Health Minister Jason Copping and Advanced Education Minister Demetrios Nicolaides say the government is providing $1 million to four Alberta post-secondary institutions to look for ways to train doctors in Grande Prairie and Lethbridge.

Alberta has medical schools at universities in Edmonton and Calgary, but Copping says training doctors outside the big cities increases the odds of graduates practising in the province’s smaller municipalities.

Todd Anderson of the University of Calgary’s medical school says there are a wide variety of options being considered, including stand-alone schools.

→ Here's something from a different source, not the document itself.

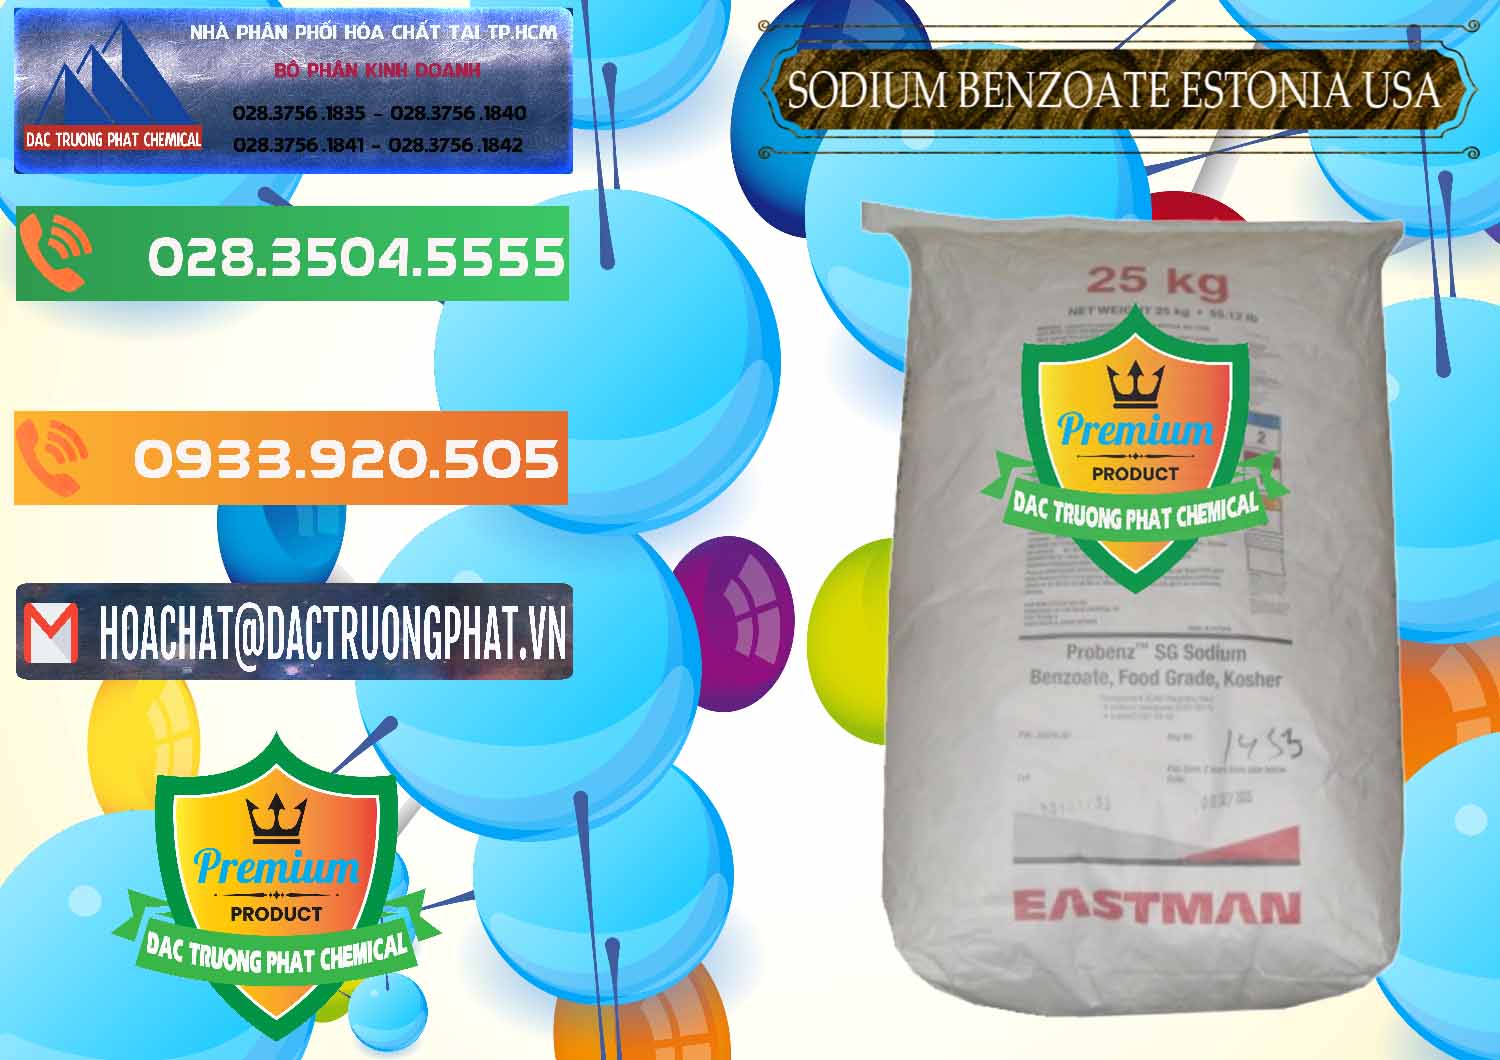 Nơi chuyên cung ứng - bán Sodium Benzoate - Mốc Bột Estonia Mỹ USA - 0468 - Công ty kinh doanh ( cung cấp ) hóa chất tại TP.HCM - hoachatxulynuoc.com.vn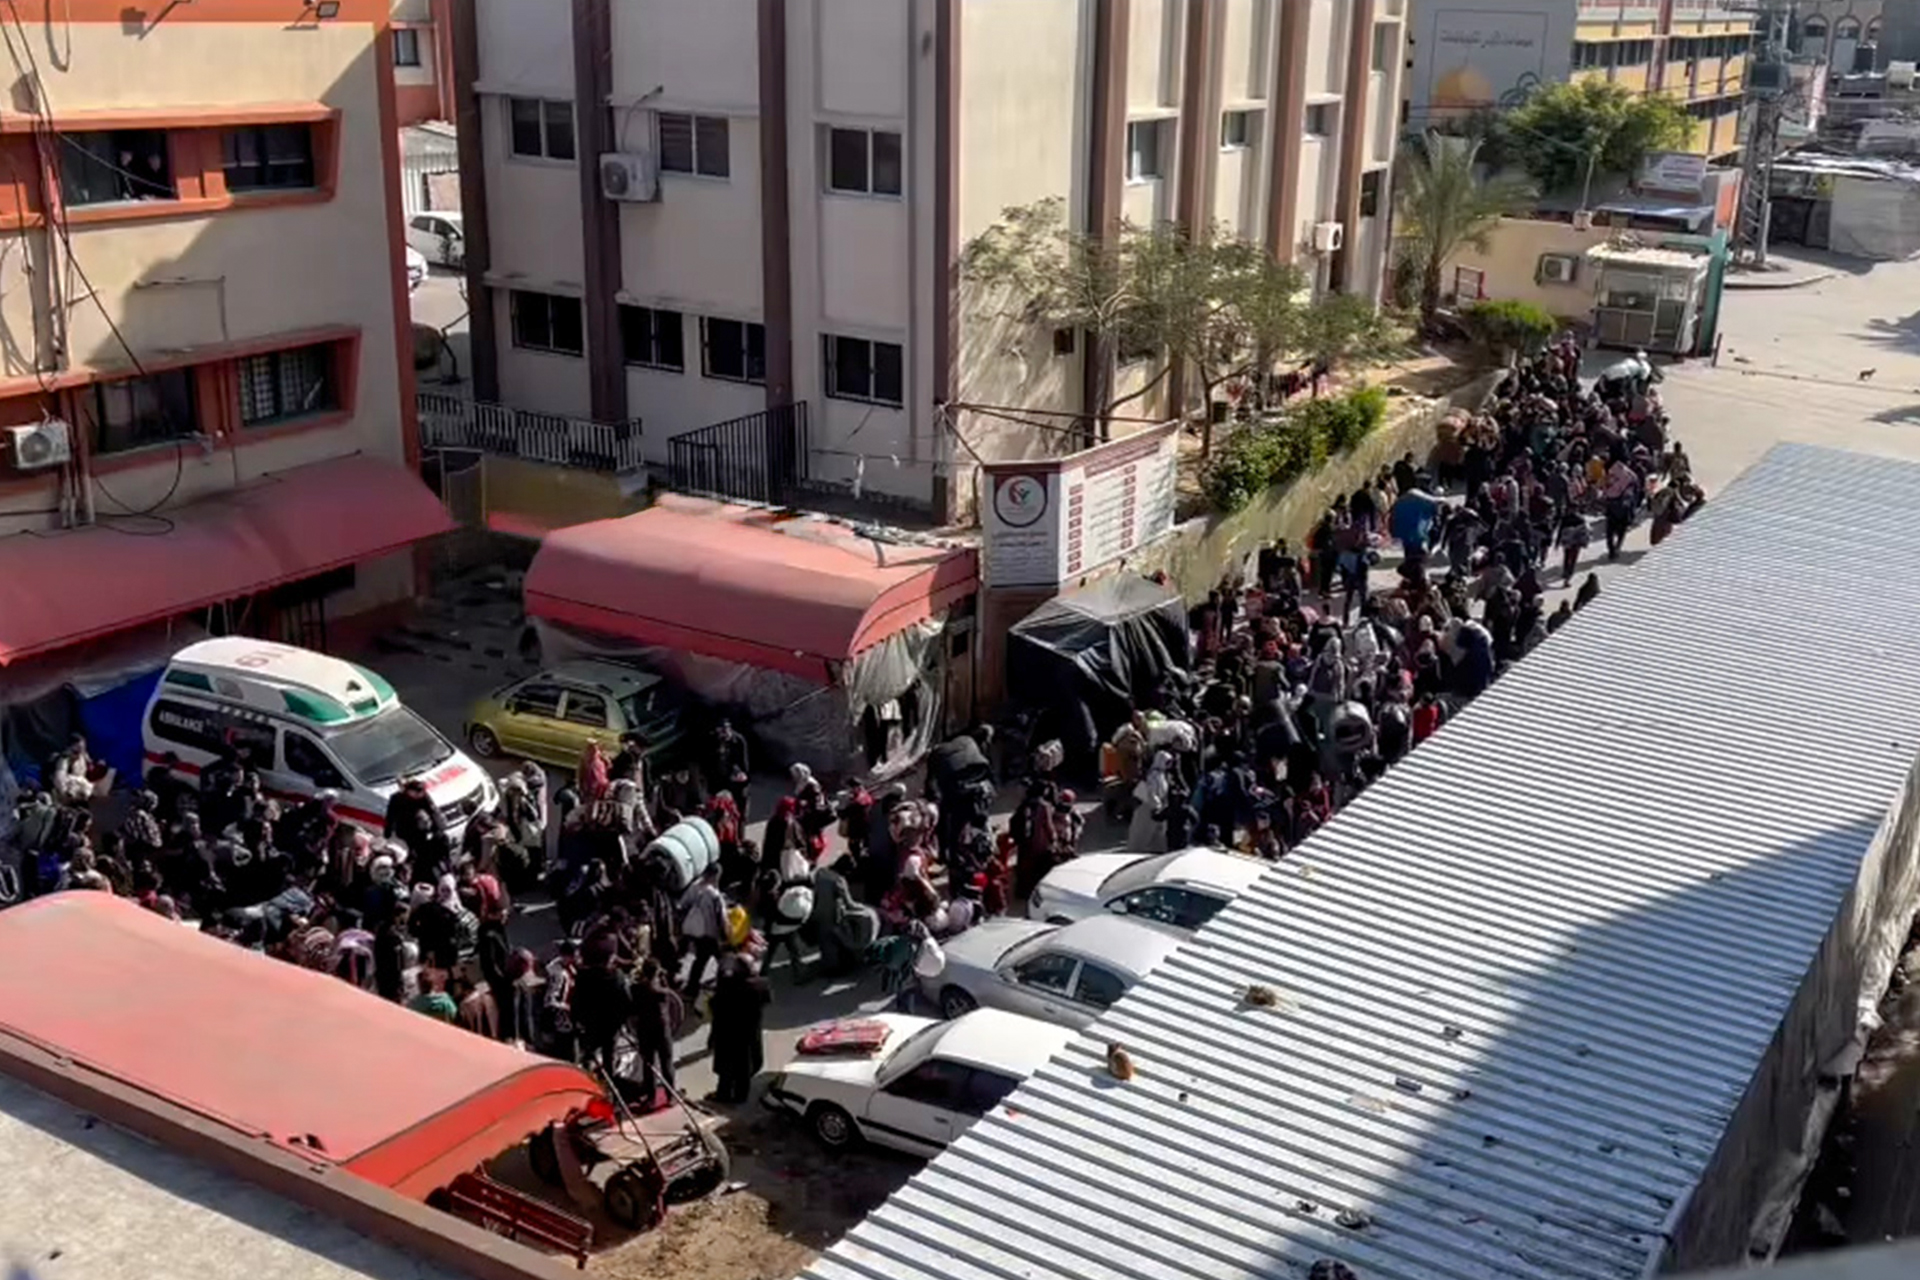 مخاوف بشأن مصير مستشفى ناصر بغزة ومنظمات إغاثة تحاول دخوله | أخبار – البوكس نيوز

The University of Lethbridge and Northwestern Polytechnic in Grande Prairie are also involved in the program.

Anderson says research suggests three-quarters of doctors who train in rural areas end up practising in one as well.

Copping says the project will take six to eight years to show results.

“It’s going to take time to set the program up,” he said Thursday. “That’s a long-term strategy. But if you don’t start, you’ll never get there.”

Meanwhile, rural health care continues to experience staff shortages. On Thursday, the Milk River Health Centre Emergency Department announced it would close until Monday due to a doctor shortage.

Nurses were to remain on-site to provide care for long-term care residents.

Copping said Thursday’s announcement was just one part of the government’s health-care strategy.